Please return the listing below exactly, without any of its pictures.

### INFORMATION SHOWN
[Start of Attachment]

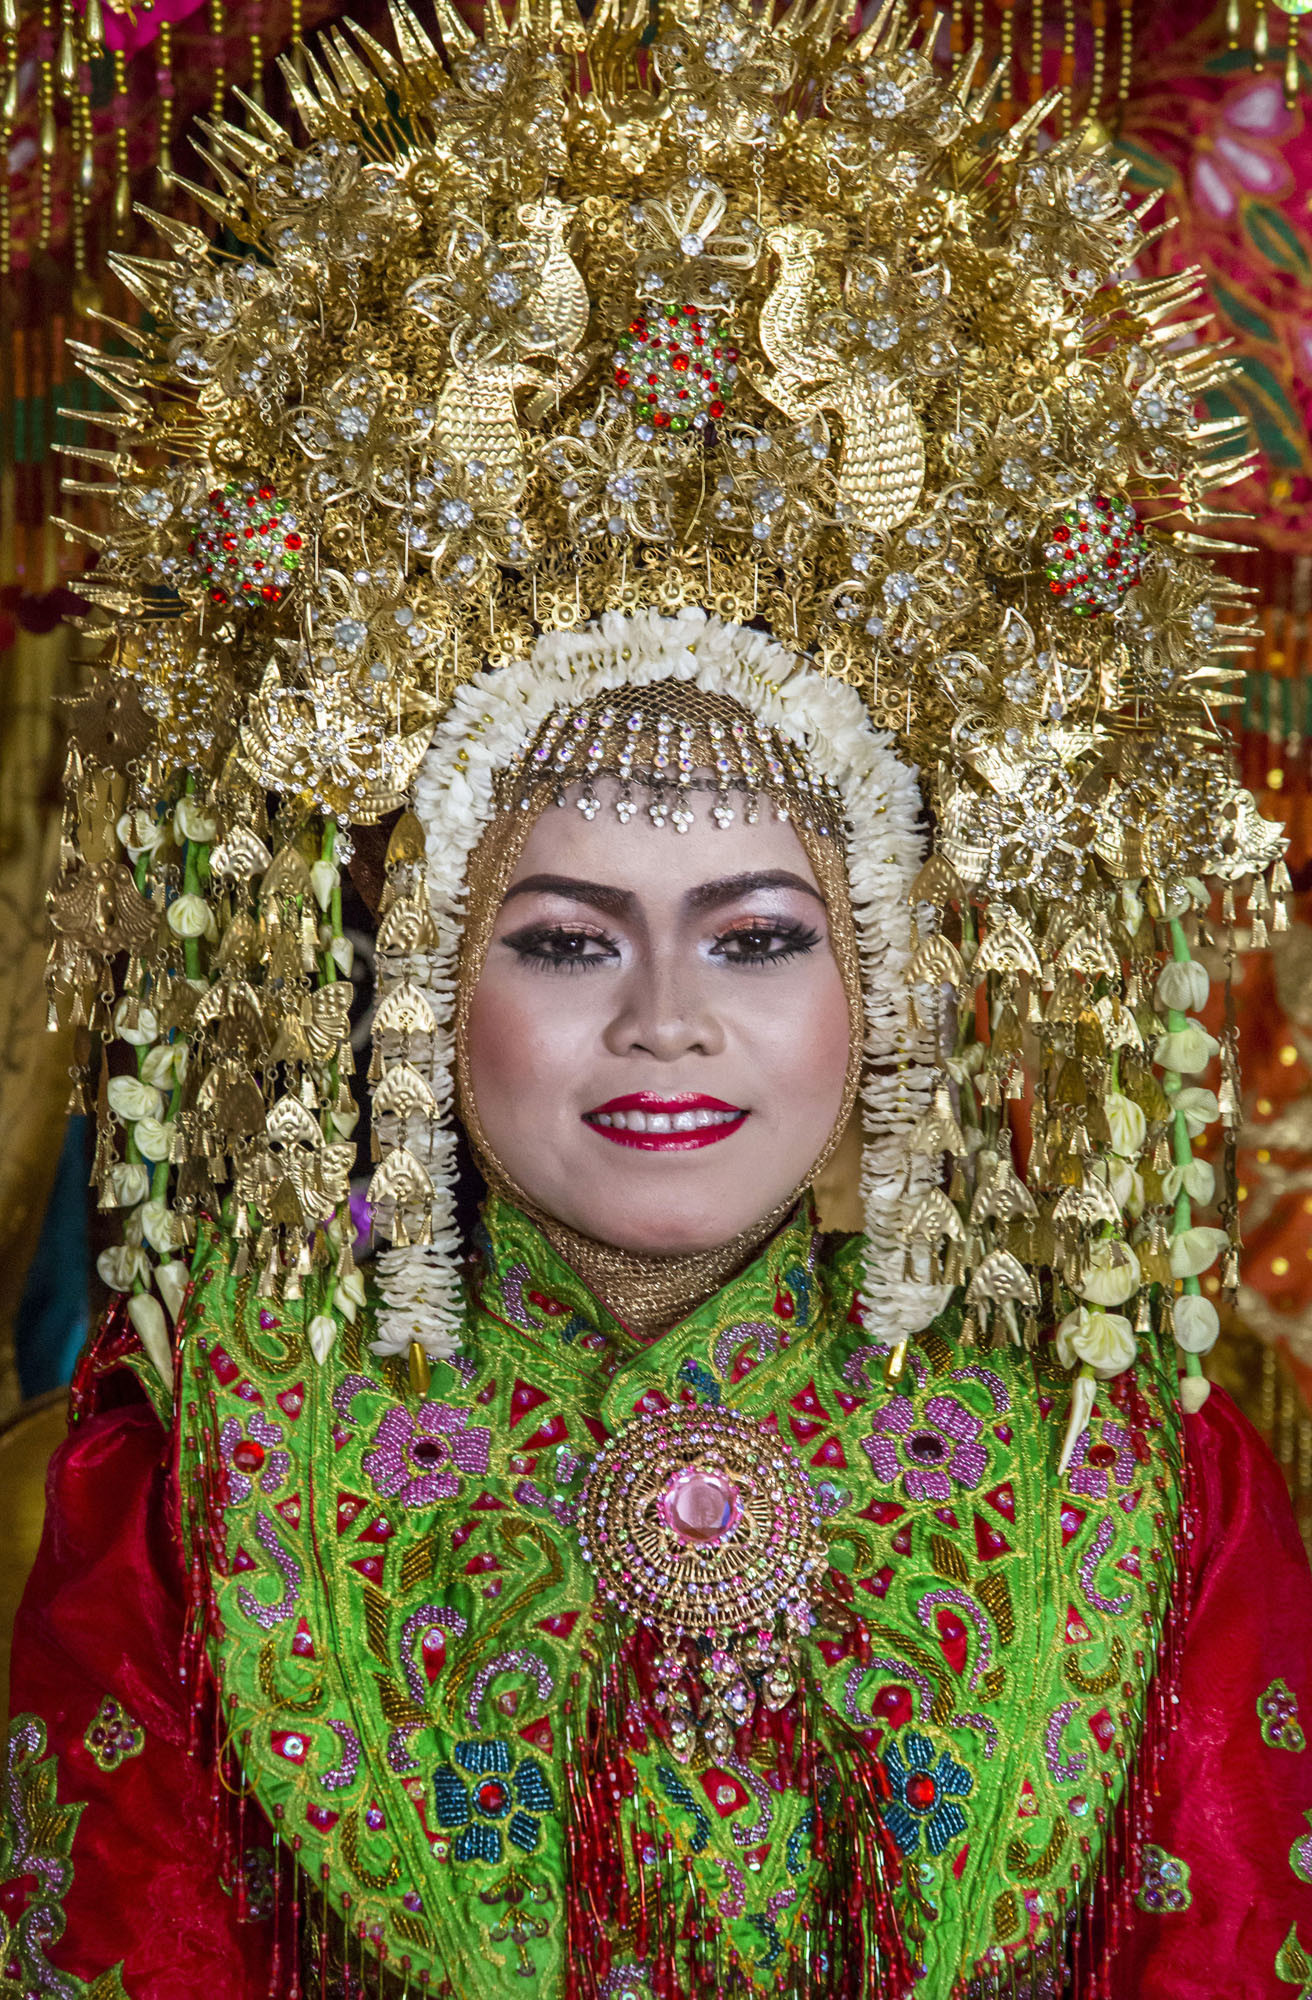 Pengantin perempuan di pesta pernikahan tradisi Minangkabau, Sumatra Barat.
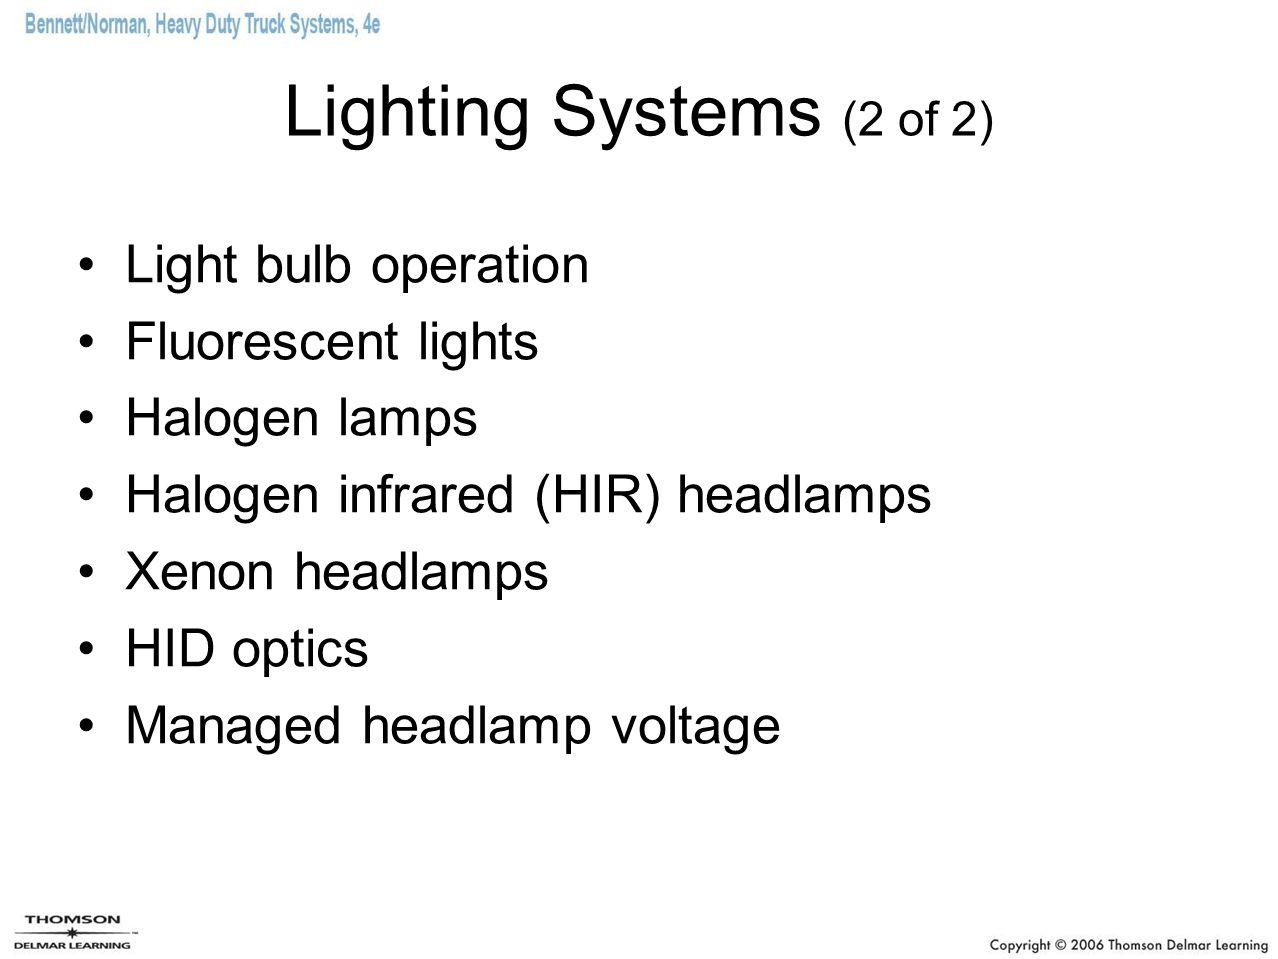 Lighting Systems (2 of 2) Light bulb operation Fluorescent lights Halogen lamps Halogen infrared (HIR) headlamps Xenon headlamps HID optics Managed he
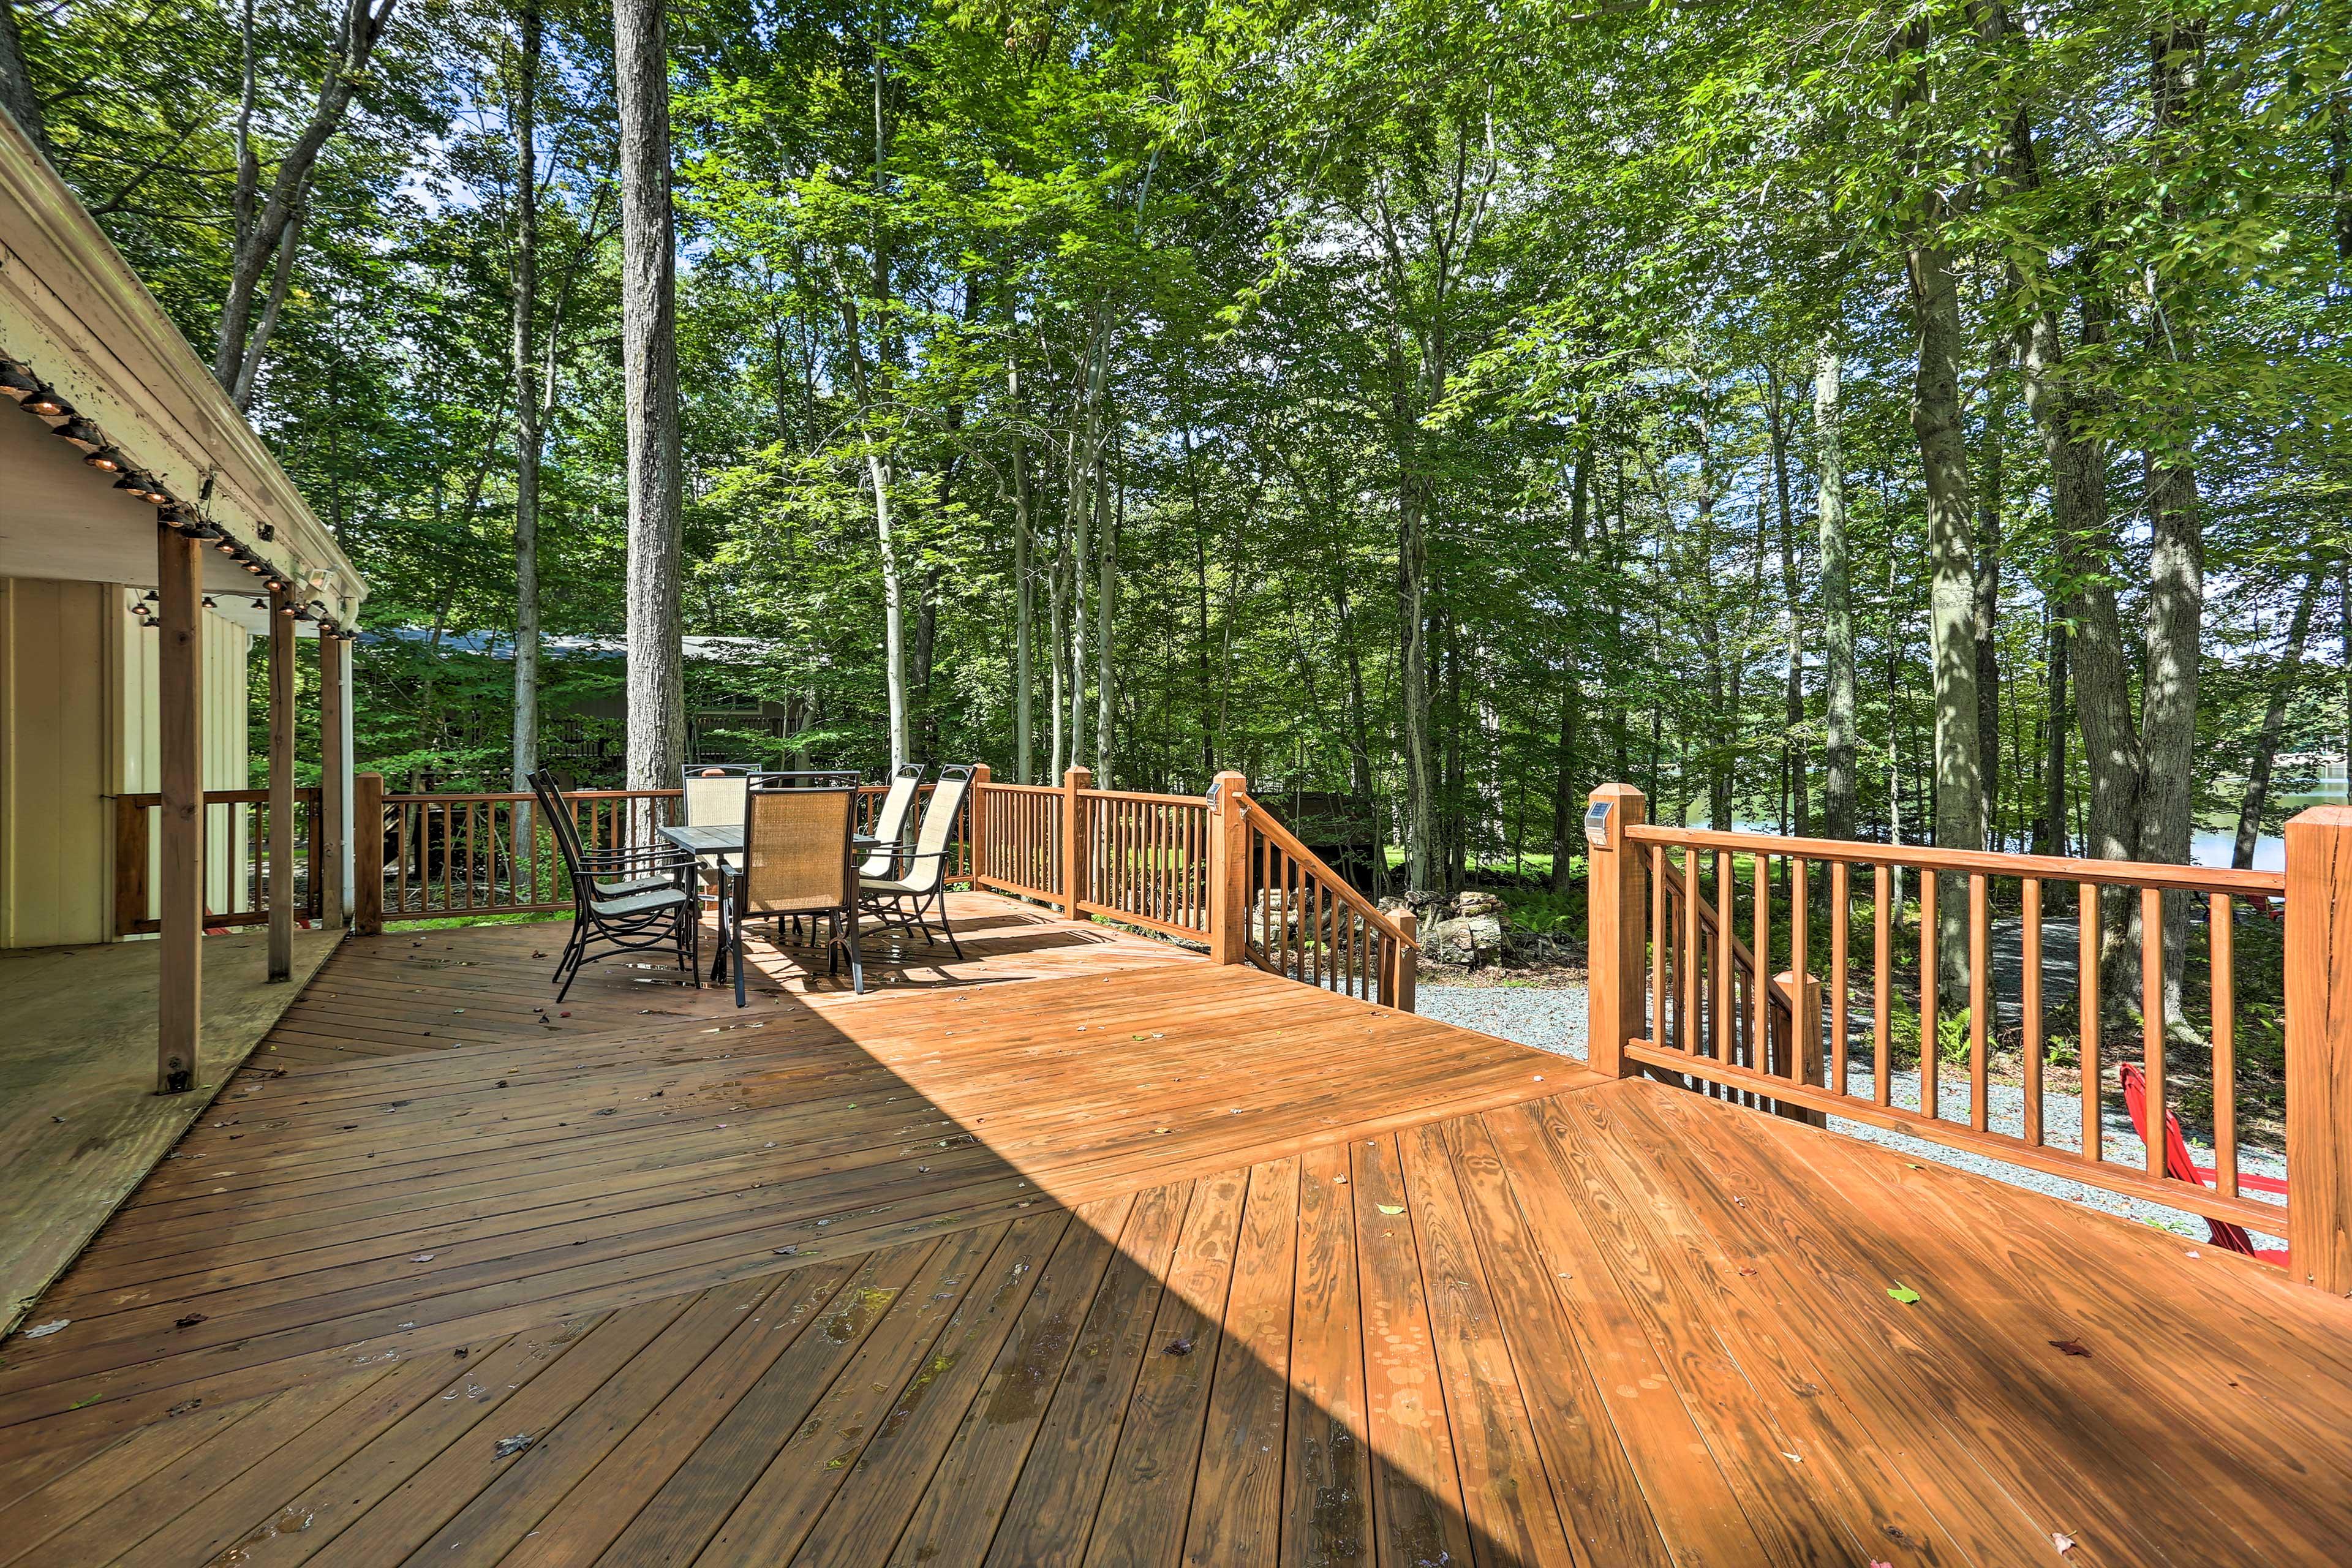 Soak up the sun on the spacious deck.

[End of Attachment]

### RESULT OF THE TASK
 Pengantin perempuan di pesta pernikahan tradisi Minangkabau, Sumatra Barat.
 Lighting Systems (2 of 2) Light bulb operation Fluorescent lights Halogen lamps Halogen infrared (HIR) headlamps Xenon headlamps HID optics Managed he
 Soak up the sun on the spacious deck.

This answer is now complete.